Last month's pride events silenced the MANY voices critical of the OnePulse Foundation, the future of the Pulse Nightclub, and the building of a new memorial/museum. What we heard instead was about the thousands of people who celebrated Gay Days at Disney, the news outlets that descended upon Pulse's annual remembrance ceremony, and the voices of local "progressive" politicians who clamored for more money for the nonprofit by declaring the Pulse Nightclub (which remains a private property) a National Memorial Site. I wrote this brief Op-Ed for the Orlando Sentinel in an effort to bring to the surface the critical discourse that is happening among survivors, victim's families, and LGBTQ+ residents—and to (hopefully) spur some action.

Following the shooting, the owner of the Pulse Nightclub started the OnePulse Foundation to turn the nightclub into a memorial and museum. Last year, commissioners approved $10 million of taxpayer dollars for the OnePulse Foundation to be taken from hotel/tourism taxes for the project. Tourism, of course, forms the basis of the economy of Orlando—and Florida at-large—which the proposed museum will inevitably contribute to. Since then, more and more money has been raised/donated to the nonprofit (some notable donors include the Walt Disney Corporation, Lance Bass, etc.). Not to fault individual donors. Many people rushed to do something (anything) in response to the shooting and the city has entrusted the OnePulse Foundation to transform the site into a memorial that represents the desires of the LGBTQ+/Latinx community, Pulse survivors, and victim's families. So if you've wanted to give anything, this organization has been propped up as the one to donate to (after all, they own the property itself, which remains private property). Smaller non-profits that helped assist with the distribution of funds have stopped their work to make room for the OnePulse Foundation to be the central organization.


However, the making of a macabre museum and the appearance (at best) of profiting off of the shooting has justifiably pissed people off. Just in the past few days, the OnePulse Foundation set up a kiosk on-site ---- not far away from a donation stand --- where you can buy Pulse t-shirts (in addition to their online storefront). They also proposed a gift shop as part of the future attraction.


Pulse Memorial 2019
What was once hidden from view, the part of the building where police broke into the nightclub on the night of the shooting, has become the memorial's first exhibit with glass panes providing a glimpse through the wall that surrounds Pulse.
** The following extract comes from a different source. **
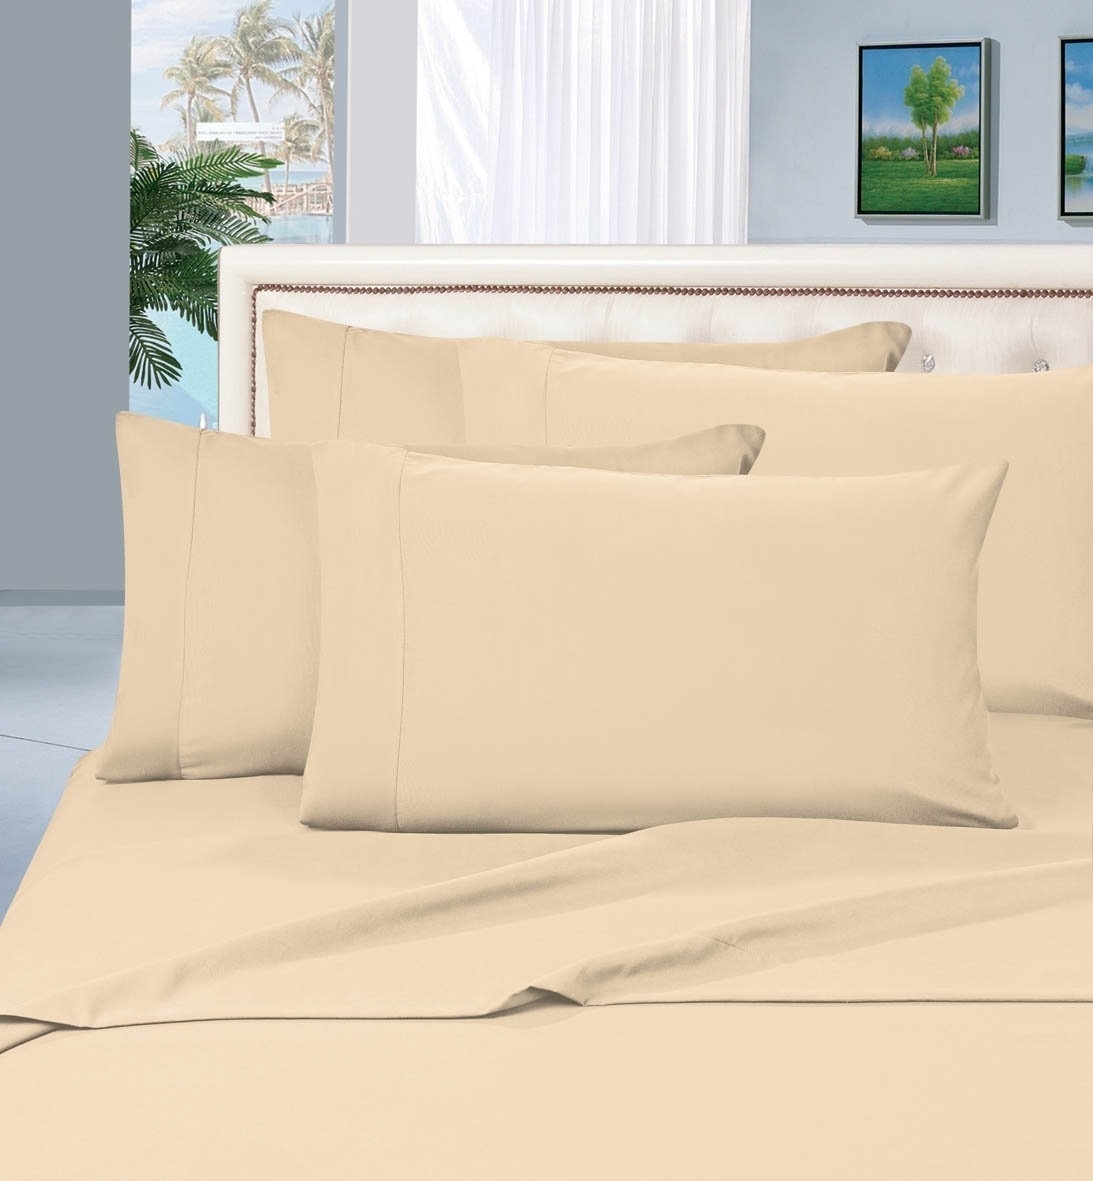 Elegant Comfort 1500 Series Wrinkle Resistant Egyptian Quality Hypoallergenic Ultra Soft Luxury 4-piece Sheet Set, California King, Cream

Had I written for a more academic audience (I am in the process of doing just that), I would have talked about the role of the non-profit-industrial-complex in the larger social-political-economy; a new business-to-nonprofit pipeline made possible by anti-gay violence; neoliberalism and mourning; gore tourism; the aesthetics and discourse of Orlando's new, post-Pulse urban politics; and an active, largely silenced resistance. Until then... let’s get people talking, thinking, and doing differently.


Below is a visual timeline of the transformation of the Pulse Memorial from 2016 to 2019:

Pulse Memorial 2016
In the months following the shooting in 2016, the chain link fence that surrounding Pulse became a messy, makeshift, grassroots memorial.

Pulse Memorial 2017
A year after the shooting (2017), the fence that hid Pulse was adorned with new alters, messages, pictures of victims, and offerings. Items were continuously collected, archived, and replaced during the year.

Pulse Memorial 2019
By 2019, the chain link fence was replaced by a wall plastered with a clean mosaic of professional photographs of people at different events in Orlando since the shooting.